**Given data:**
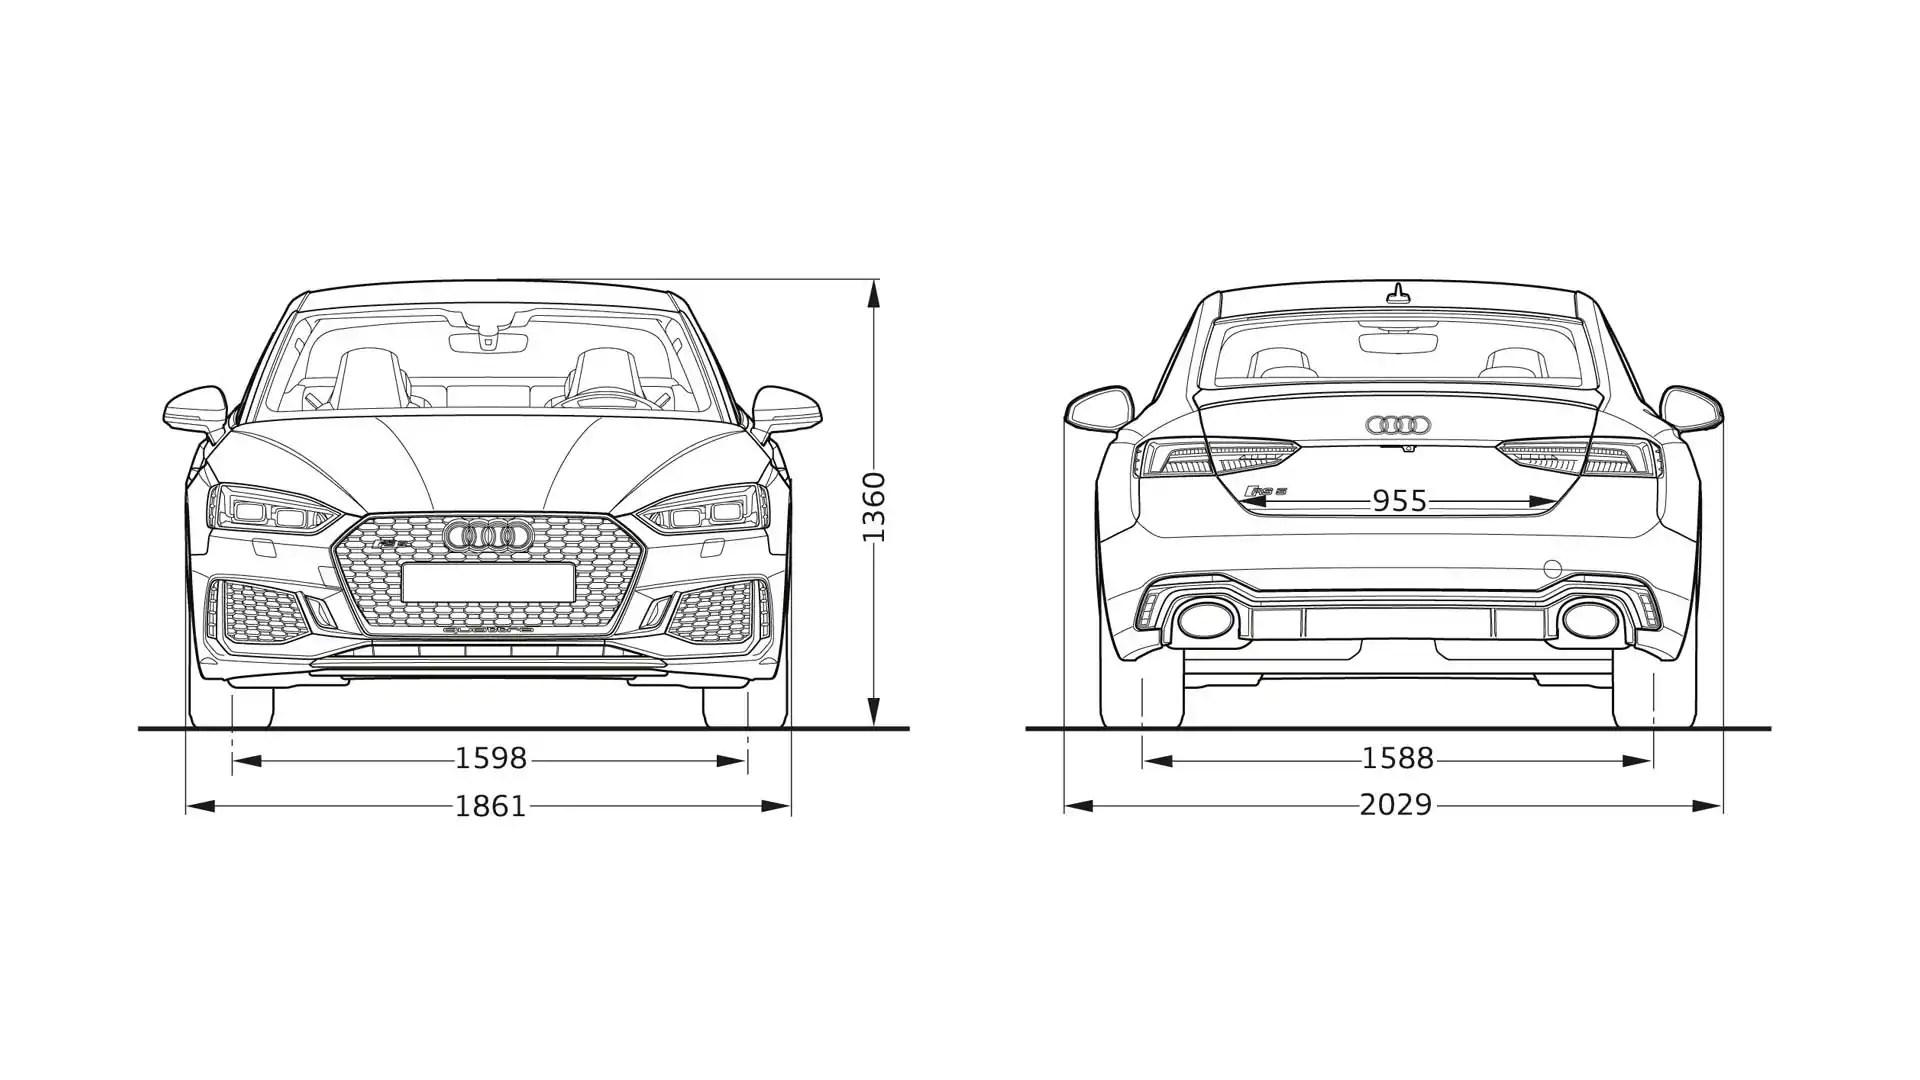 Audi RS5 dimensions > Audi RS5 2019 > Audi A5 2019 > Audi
==
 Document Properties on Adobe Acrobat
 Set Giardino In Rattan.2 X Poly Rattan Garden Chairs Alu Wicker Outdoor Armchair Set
---
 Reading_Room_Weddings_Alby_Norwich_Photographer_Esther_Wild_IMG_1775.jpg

**Exercise description:**
Give an exact copy of the lines above from the line with "Document Properties on Adobe Acrobat" up to and including the line with "Set Giardino In", and leave everything else out.

**Expected answer:**
 Document Properties on Adobe Acrobat
 Set Giardino In Rattan.2 X Poly Rattan Garden Chairs Alu Wicker Outdoor Armchair Set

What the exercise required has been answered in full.